*TASK TO CARRY OUT*. Images do not belong in the copy. Retype all the entries below exactly.

^^^^

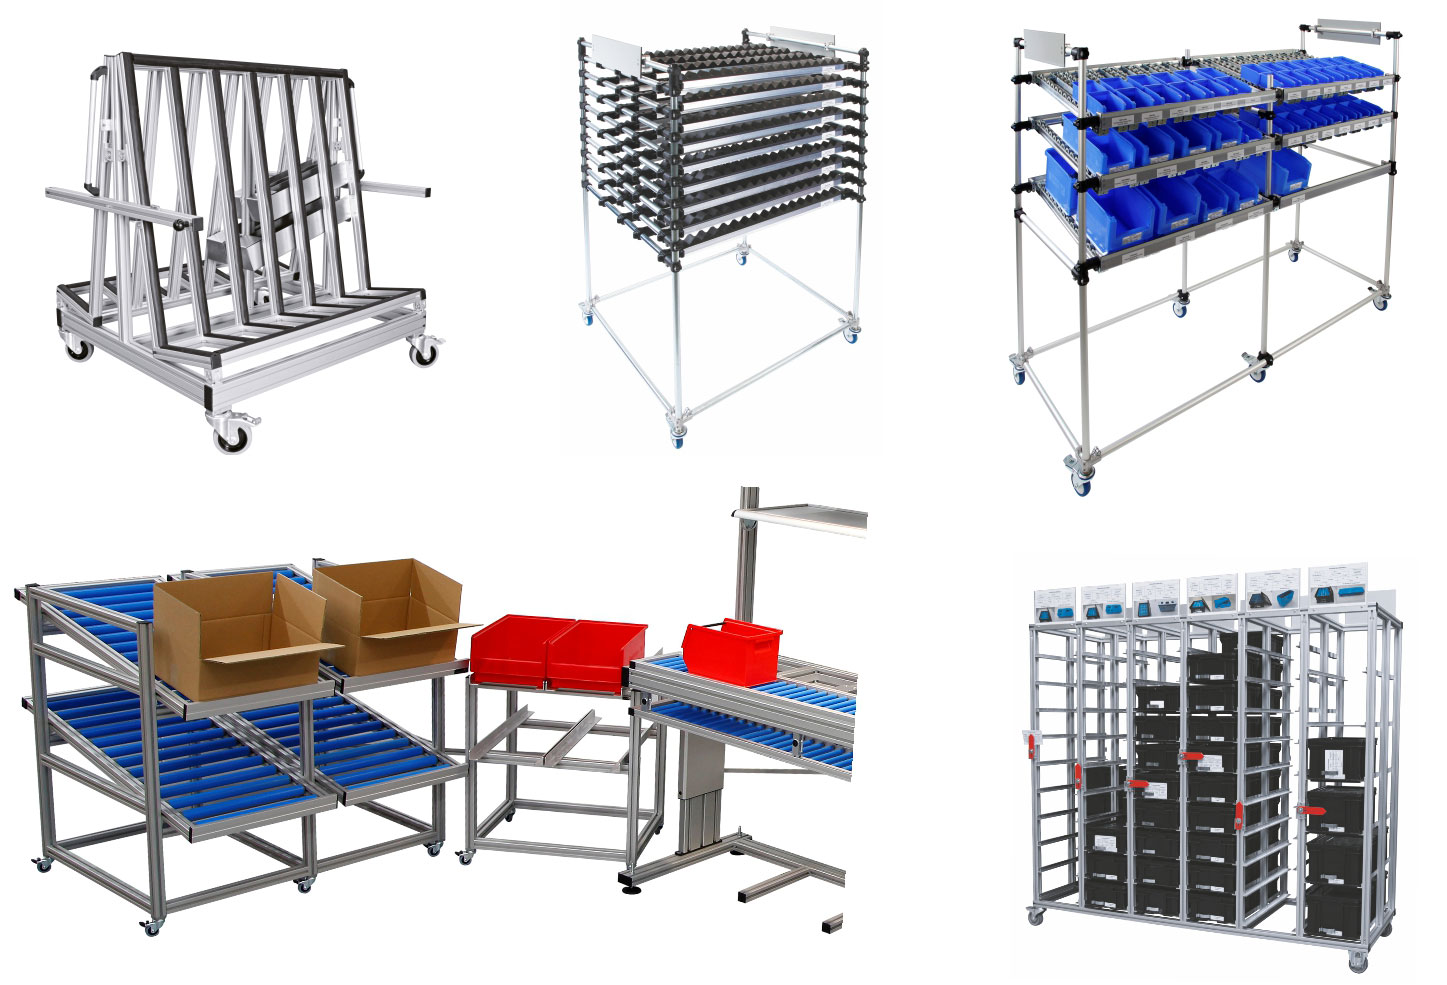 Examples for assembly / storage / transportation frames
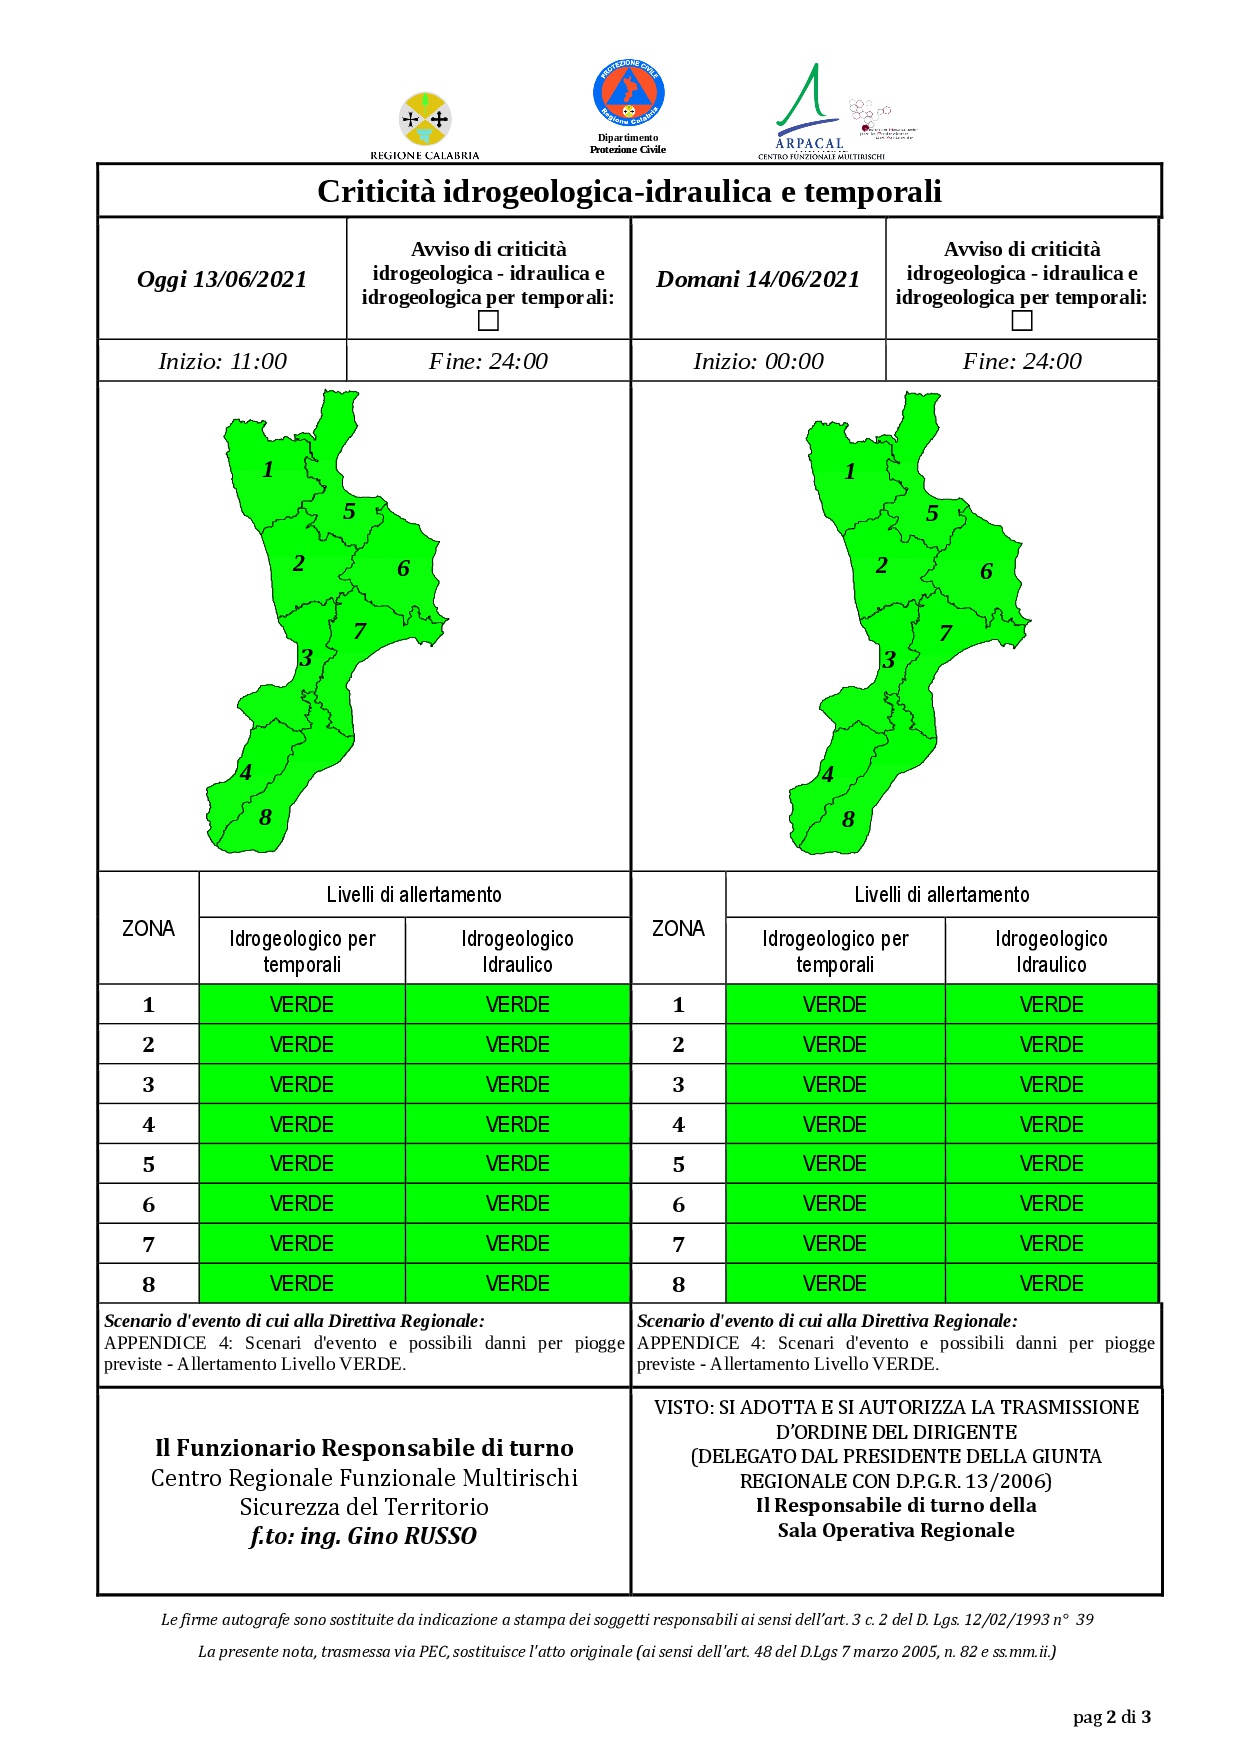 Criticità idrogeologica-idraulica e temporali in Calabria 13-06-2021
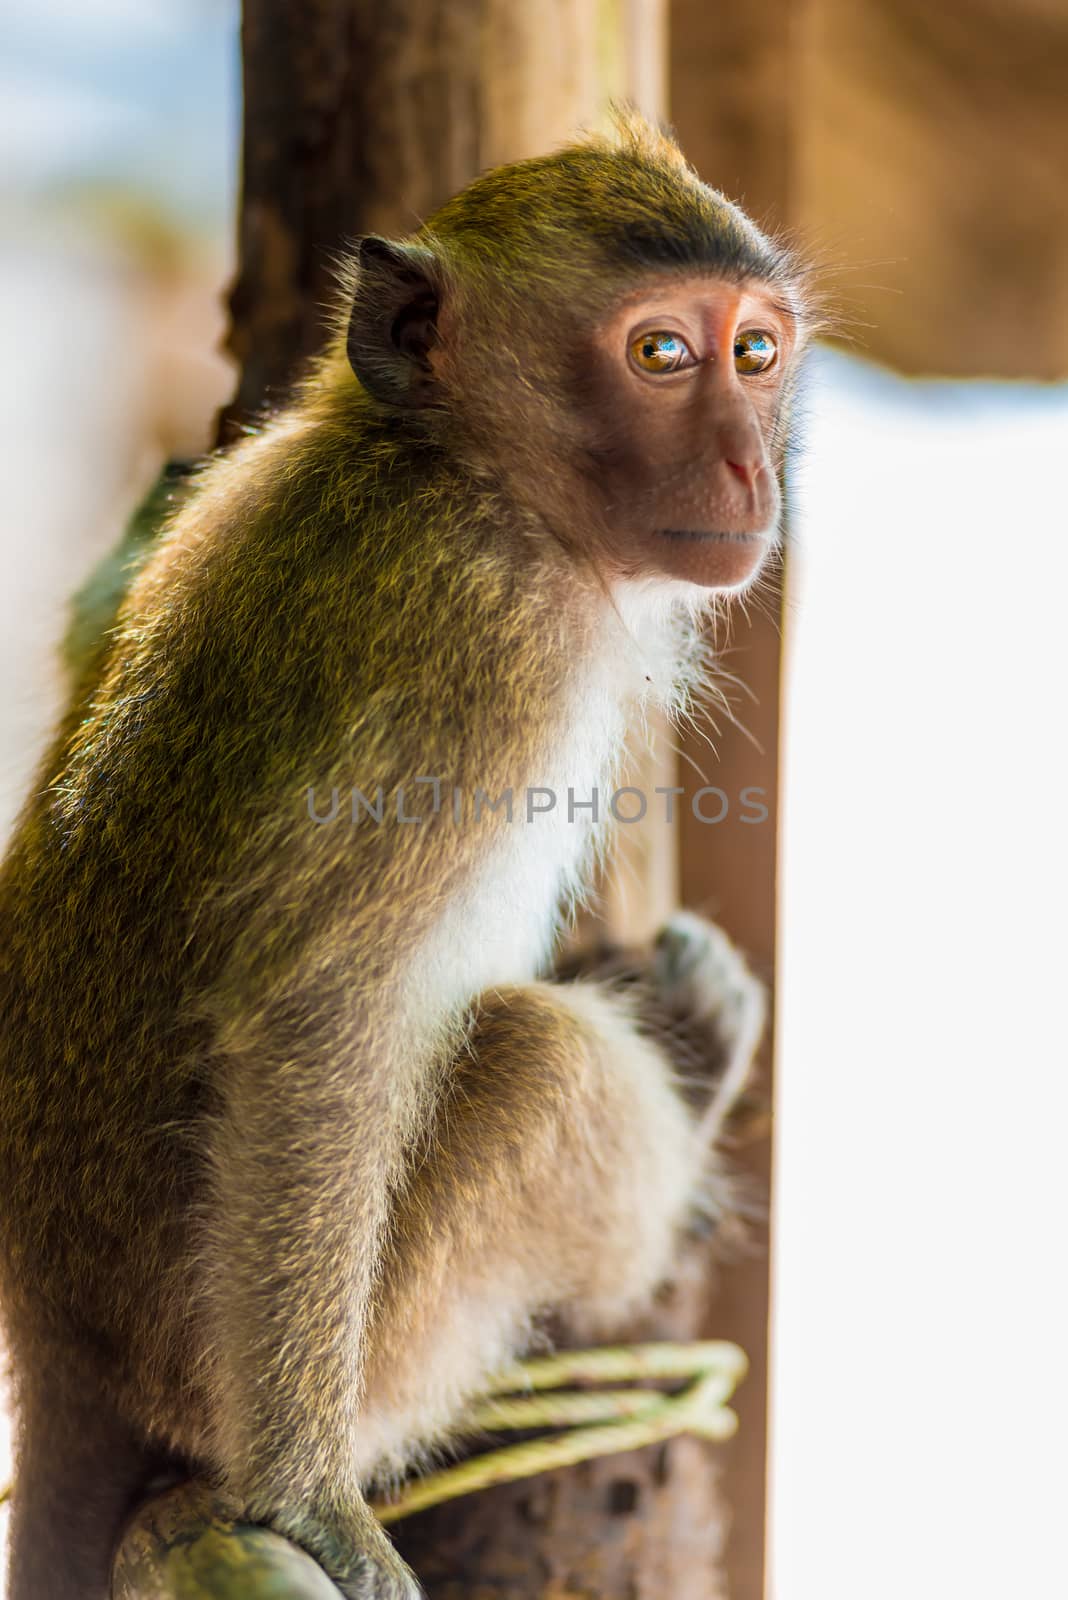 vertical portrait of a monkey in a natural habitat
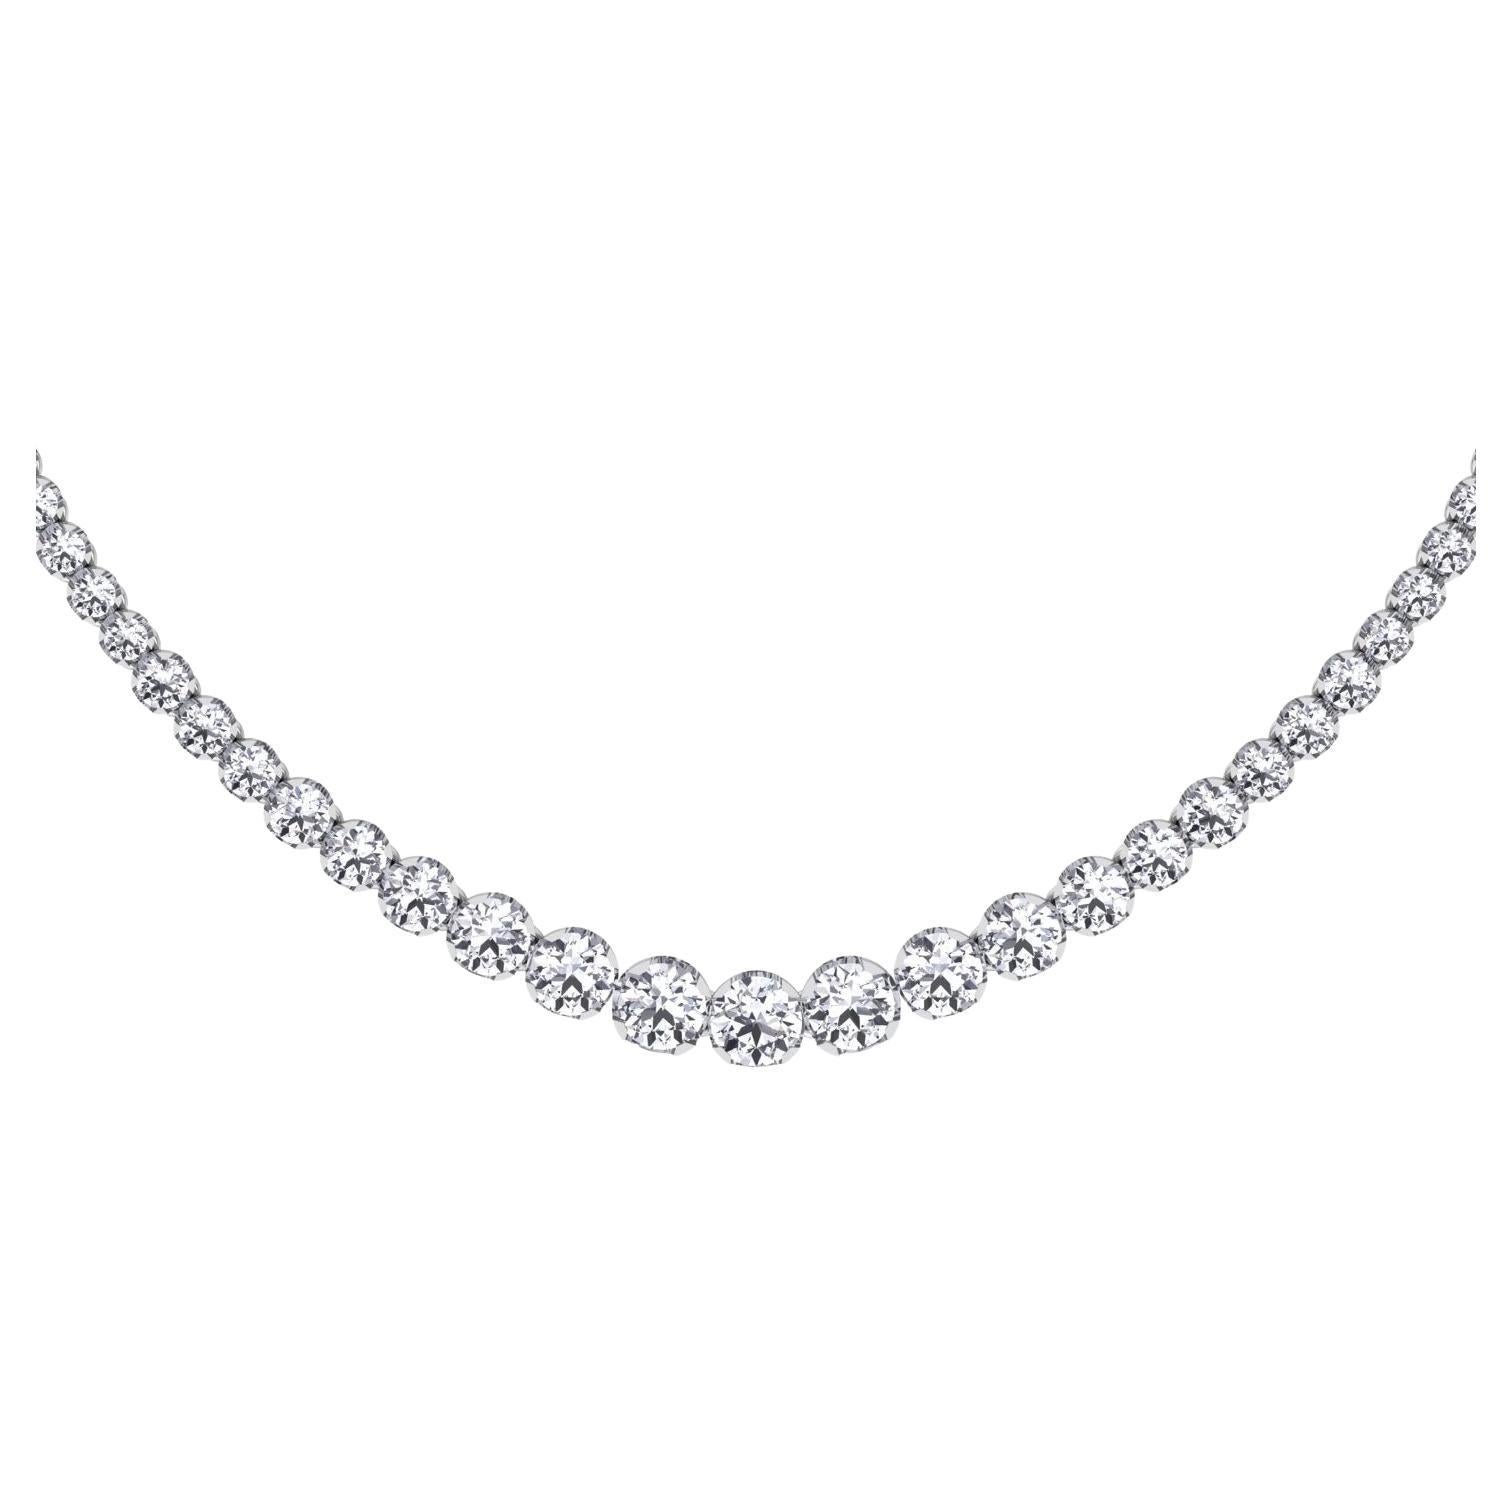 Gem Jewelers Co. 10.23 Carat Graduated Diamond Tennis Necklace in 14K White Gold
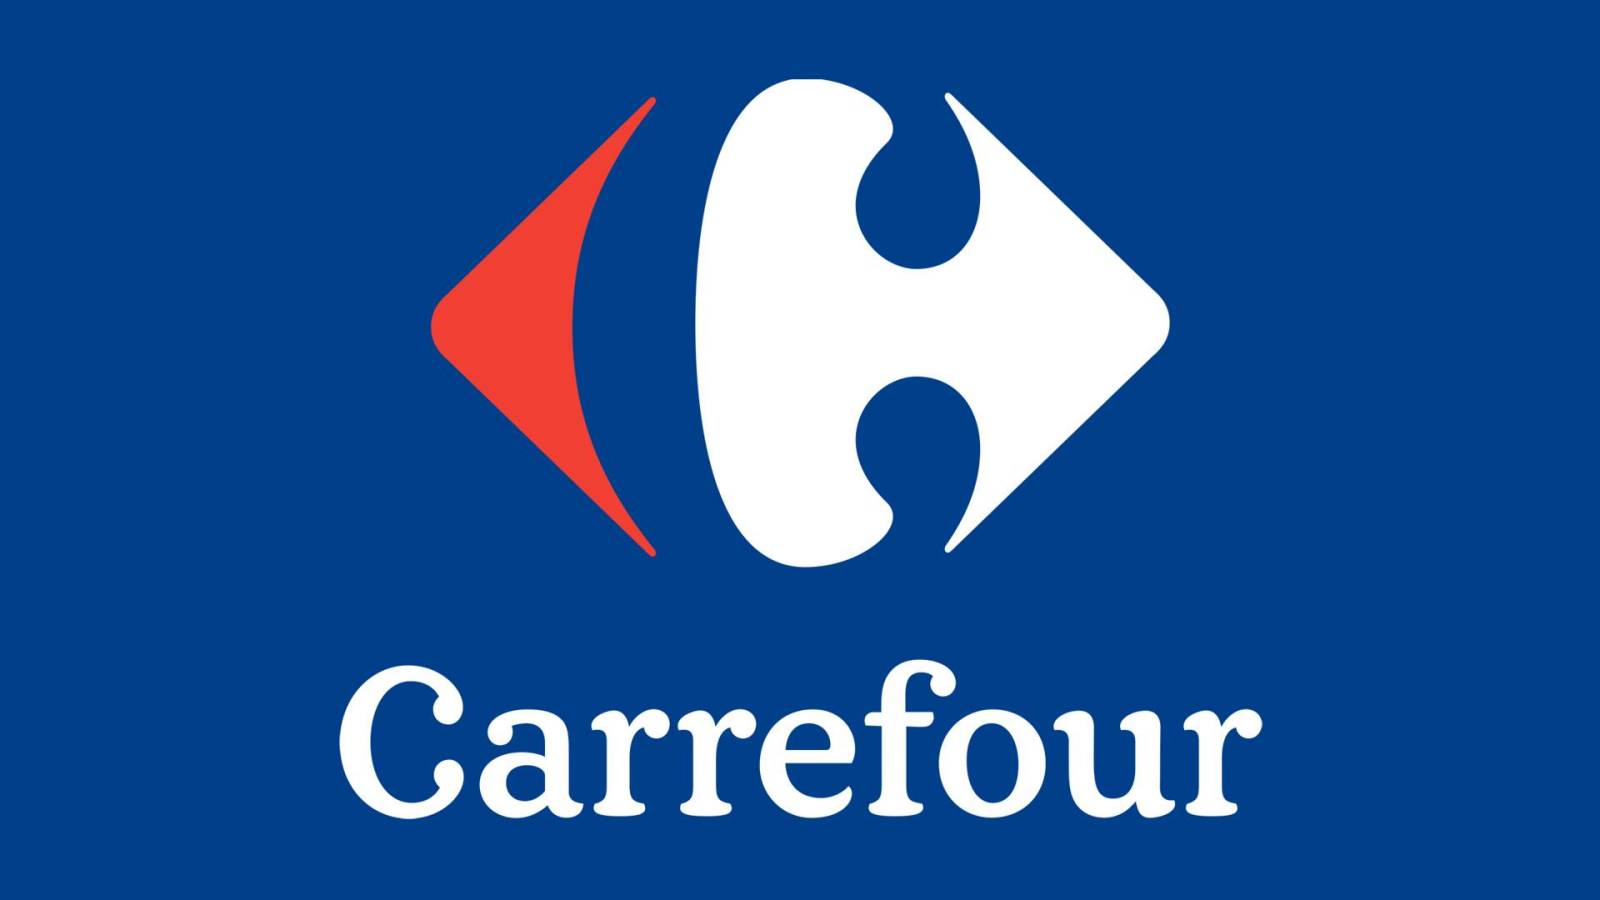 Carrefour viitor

^^^^

*ANSWER TO THE PROBLEM*.
 Examples for assembly / storage / transportation frames
 Criticità idrogeologica-idraulica e temporali in Calabria 13-06-2021
 vertical portrait of a monkey in a natural habitat
 Gem Jewelers Co. 10.23 Carat Graduated Diamond Tennis Necklace in 14K White Gold
 Carrefour viitor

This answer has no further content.